— У вас кровь течет, — сказала мадам Гаше.
Винсент посмотрел на красное у себя на руках. Вообще-то это кармазин. Не красный. С чуточкой коричневого и фиолетового. Краскам не хватает слов. Цвету нужна свобода от слов.
— Кармазин, мне кажется, — ответил Винсент. — Это я сам. Это мое.
Проснулся он внезапно. Не хватало воздуху. Рядом сидел Тео. Из Парижа он приехал первым поездом, как только дошло известие от доктора Гаше.
— Успокойся, Винсент, — сказал Тео по-голландски. — Почему так? Почему это, брат? Я думал, тебе лучше.
— Синяя! — Винсент схватил брата за руку. — Ее надо спрятать, Тео. Ту синюю, что я прислал из Сан-Реми, темную. Спрячь ее. Пусть никто не знает, что она у тебя. Спрячь от него. От человечка.
— Ее? Картину? — Тео проморгался от слез. Бедный, безумный гений Винсент. Он будет безутешен. Вечно.
— Ее никому нельзя показывать, Тео. — Винсента скрутило болью, и он сел на кровати, выпрямившись.
— Все твои картины будут показывать, Винсент. Конечно же, их увидят люди.
Винсент вновь откинулся на подушку и закашлялся — влажно, надсадно. Ногтями он царапал брюки.
— Отдай ее. Отдай, пожалуйста. Тюбик синей.
Тео увидел на тумбочке смятый тюбик краски и вложил его брату в руку.
— Вот, ты это хотел?
Художник сжал тюбик — и выдавил остаток ультрамарина себе на палец.
— Винсент… — Тео попытался взять брата за руку, но тот размазал синюю краску по белым бинтам у себя на груди и снова упал на спину. Из горла его вырвался долгий хриплый вздох.
— Вот так я и хочу уйти, — шепотом произнес он.
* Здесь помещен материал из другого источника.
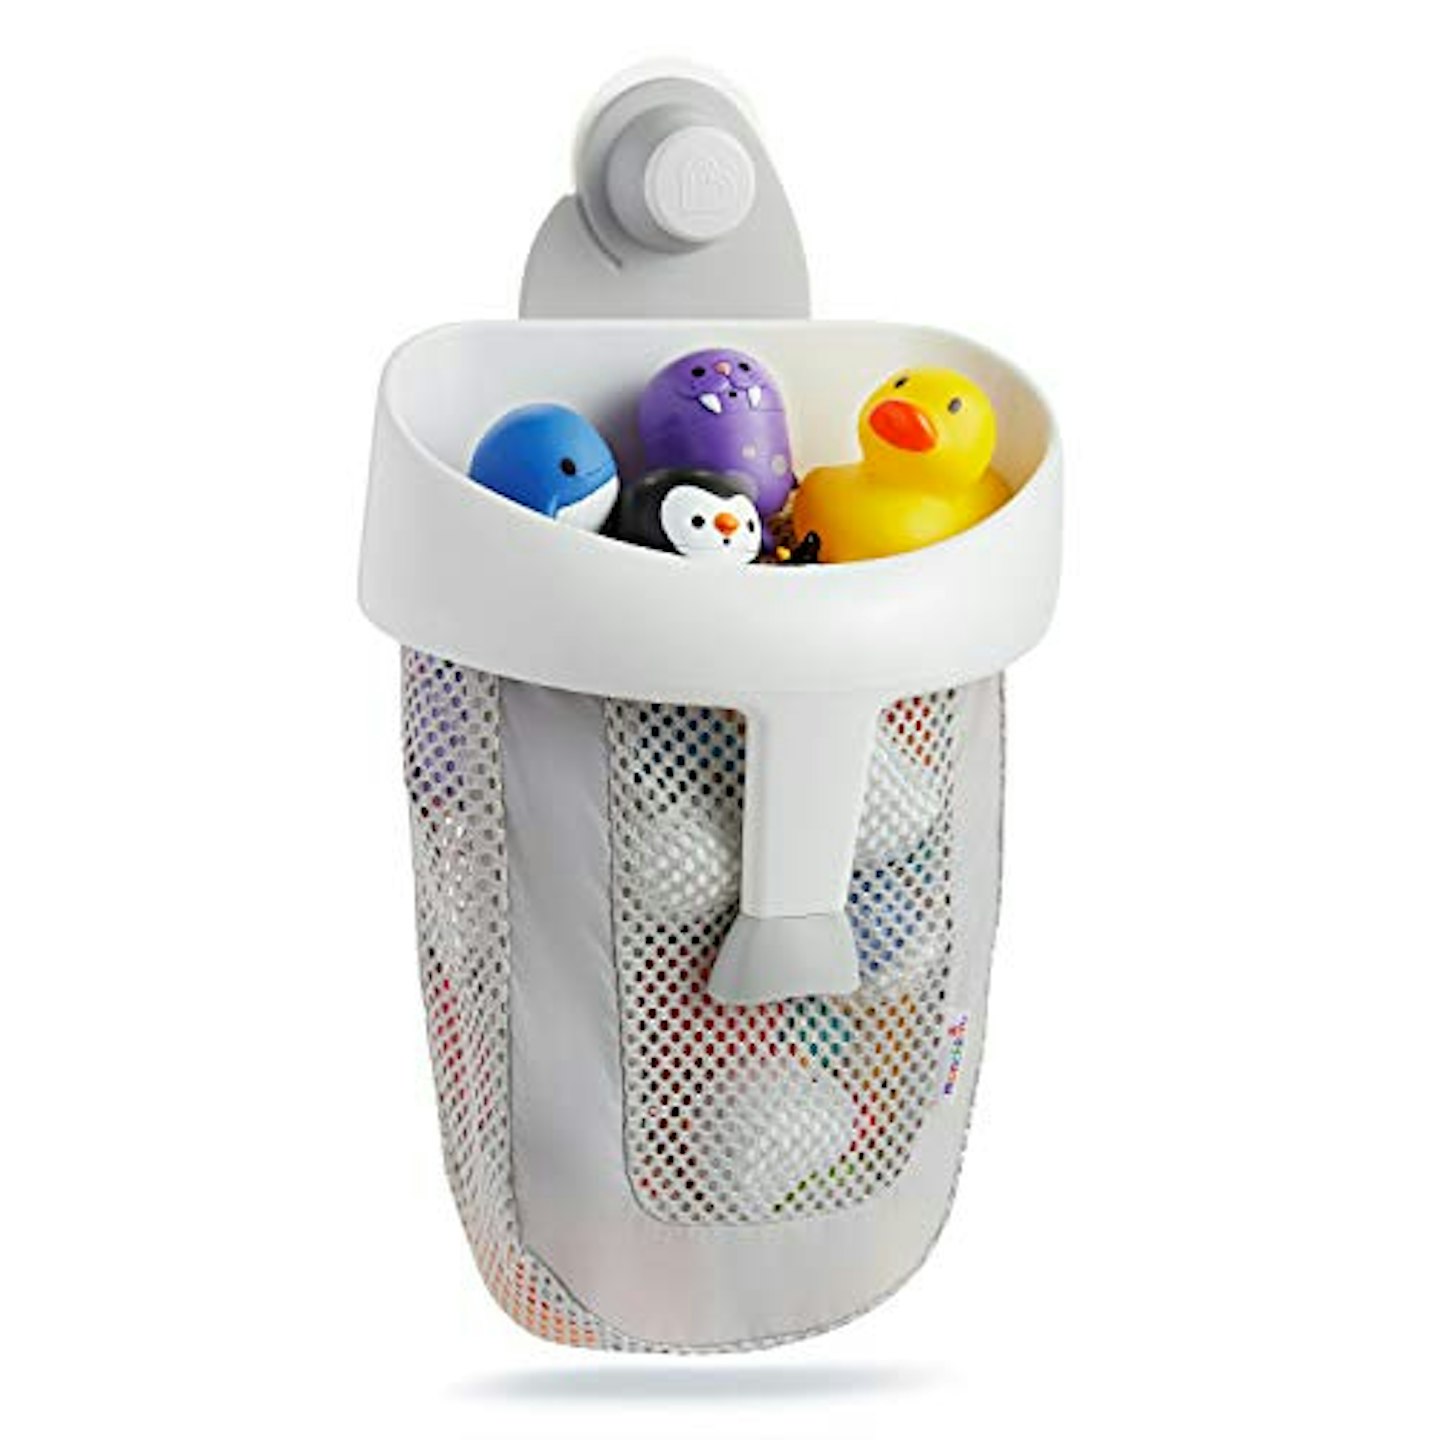 ✨ Baby Bath Toy Storage Ideas - Keep Everything Tidy! 🛁

И после этого умер.
Интерлюдия в синем № 1: Sacré Bleu
Плащ у Девы Марии — синий. Священно-синий. Так было не всегда, но в начале тринадцатого века Церковь постановила, что на картинах, фресках, мозаиках, витражах, иконах и запрестольных образах плащ Марии должен быть синего цвета. И не просто абы какого синего, а ультрамаринового, редчайшего и самого дорогого цвета в палитре средневекового художника. Минерал, из которого его добывали, был дороже золота. Странное дело, но за те тысячу сто лет, пока не сформировался культ Девы, в церковной литургии синий цвет вообще не упоминается — ни разу, словно таких упоминаний намеренно избегали. До тринадцатого века плащ Девы изображался красным — цвета священной крови.
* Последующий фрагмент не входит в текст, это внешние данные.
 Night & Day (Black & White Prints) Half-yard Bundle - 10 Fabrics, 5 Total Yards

Для средневековых торговцев красками и красильщиков красный был в порядке вещей со времен Римской империи, а вот природными источниками синего они не располагали. Однако пришлось как-то удовлетворять спрос — он диктовался связью этого цвета с Девой. Они пытались подкупать стеклоделов крупных соборов, чтобы те у себя на витражах синим изображали дьявола в расчете на то, что склад ума верующих изменится, однако Дева и Святая Синева возобладали.
Сам культ Девы, вероятно, возник из стараний Церкви привлечь к себе немногих оставшихся язычников в Европе: некоторые поклонялись римской богине Венере и ее греческому аналогу Афродите, некоторые — скандинавской Фрее. Предки не ассоциировали синий цвет со своими богинями. Для них синий и настоящим цветом-то не был — оттенок ночи, производное черноты.
В Древнем мире синий цвет был порождением тьмы.
Два. Женщины — они приходят и уходят
Париж, июль 1890 г.
Люсьен Лессар помогал в семейной булочной на Монмартре, когда пришло известие о смерти Винсента. К ним зашла продавщица, работавшая рядом с галереей Тео Ван Гога «Буссо и Валадон», взять хлеба себе на обед, и обронила новость так небрежно, точно говорила о погоде.
— Застрелился. Прямо на пшеничном поле, — сказала девушка. — О, и еще вон тот пирожок с ягнятиной, будьте добры.
Она очень удивилась, когда Люсьен ахнул и схватился за прилавок, чтобы не упасть.
— Простите, месье Лессар, — сказала девушка. — Я не знала, что вы были знакомы.
Люсьен отмахнулся от ее извинений и взял себя в руки. Ему было двадцать семь — худой, чисто бритый, копна темных волос спадала ему на лоб, а глаза были до того темно-карими, что, казалось, втягивают в себя весь свет в комнате.
— Мы вместе учились. Дружили.
Люсьен натянуто улыбнулся девушке и повернулся к своей сестре Режин — изящной женщине на шесть лет его старше, с высокими скулами и такими же темными глазами и волосами. Она тоже стояла за прилавком.